South Africa recognizes that the Islamic Republic of Iran is a pivotal and influential player in this region, as well as internationally.  Your country has a rich history and a vibrant culture.  It has a large and growing economy and possesses skills and expertise that could influence the countries around it – and even beyond – in a very positive manner.  Iran is also one of the world’s largest sources of energy, be this crude oil or gas.  South Africa attaches great significance to its bilateral relations with Iran and to this end the Joint Commission between the two countries remains a dynamic structured bilateral mechanism, which accorded a very successful eleventh session last year.

The 11th Joint Commission is a prelude to the resuscitation of historical ties between our two countries and is now being followed up by the visit of a business delegation from South Africa to promote partnerships between companies of our two countries.  It will also usher in greater cooperation between various line departments of the two countries.  It will lead into interaction which will be indicative of the prospective upsurge of bilateral relations between Tehran and Pretoria.  This gathering provides for learning and sharing of experiences and consolidating the relations established by our forbearers two decades ago.

Chairperson and participants,

His Excellency, President Mr Jacob Zuma, has requested me to convey to you his deepest appreciation of the support given to South Africa during the difficult periods of the national liberation struggle post 1994.  He reiterates the continued good diplomatic relations that exists between our two countries that are informed by the similarities of our struggle and emphasizes the need to consolidate these relations.

South Africa has always stood fastidiously against unilateral sanctions imposed on the Islamic Republic of Iran and has encouraged negotiations to resolve the issue of Iran’s right to peaceful nuclear development.  In my discussion with Foreign Minister Dr Zarif I am encouraged to learn of the ongoing negotiations between your Government and the P5 + 1.  We hope that the final outcome will be a fair and just to the people of Iran.

During my meeting with my colleague, Foreign Minister Dr Zarif, we touched upon areas of conflict in our particular regions.  We arrived at a consensus that most of the conflicts currently occurring, which are not created by us, affect the developing world.  Given these circumstances we are of the opinion that a mechanism needs to be examined to address these current threats to our societies.  Through a consultative process we would be able to identify a local or regional solution to these societal threats i.e.

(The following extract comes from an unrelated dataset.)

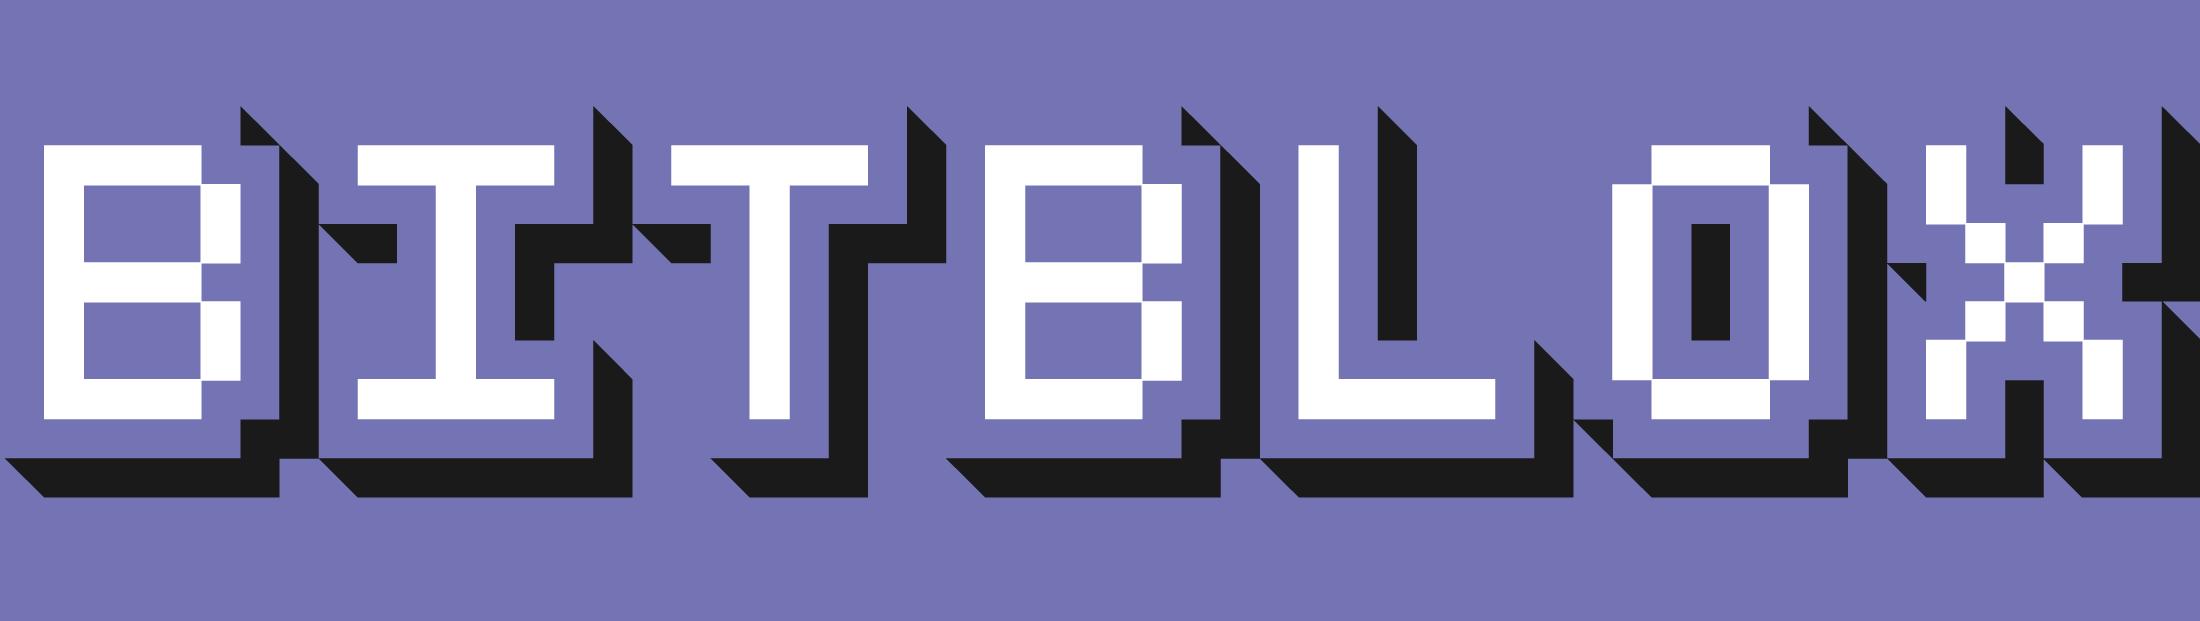 Bitblox Fonts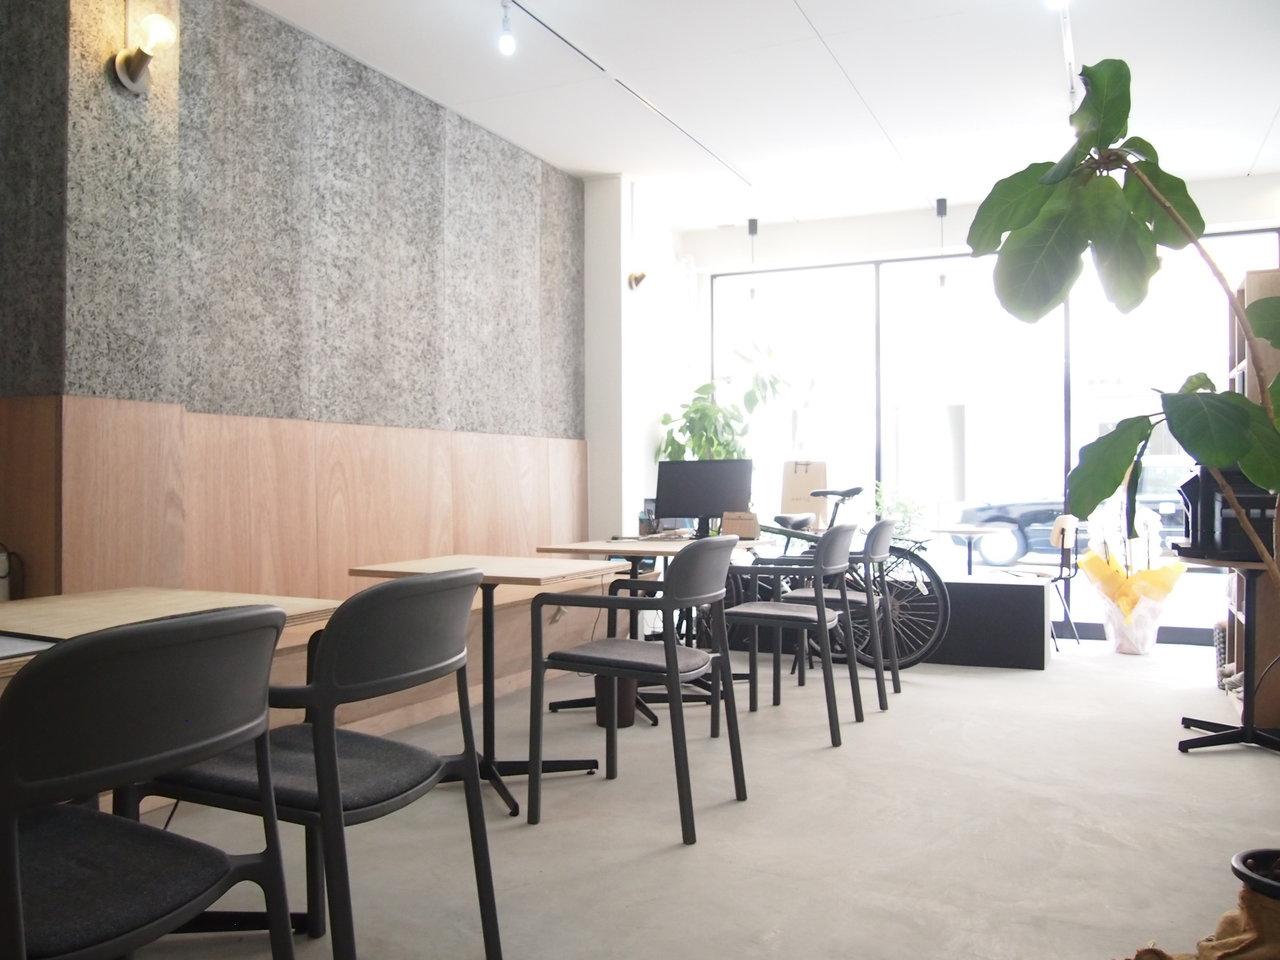 こちらはおかげさまで、満室スタートとなりました、大阪本町のシェアオフィスです。goodroom大阪店も、実は入居しています。

South-South dialogue initiatives.

South Africa is appreciative of the role that Iran continues to play in international organizations and in particular its role as current Chair of the Non Alignment Movement.  It is only appropriate that one of the founders of the NAM is currently chairing the organization.  We are confident that you will continue to providing luminary leadership to this lustrous organization.

In conclusion, in South Africa, as we approach the next phase of our transformation geared towards the upliftment of our people and the ending of poverty, we are reminded of the sacrifices that will still confront us in order to create a society that is equitable, free of poverty and focused on the people as the custodians of our democracy. 

We are reminded of the words of the late former President Nelson Mandela who said that the past 20 years have come about as a result of the unimaginable sacrifices of thousands of people:


whose suffering and courage can never be counted or repaid.  I felt that day, as I have on so many other days that I was simply the sum of all those African patriots who had gone before me.  That long and noble line ended and now began again with me. I was pained that I was not able to thank them and that they were not able to see what their sacrifices had wrought.”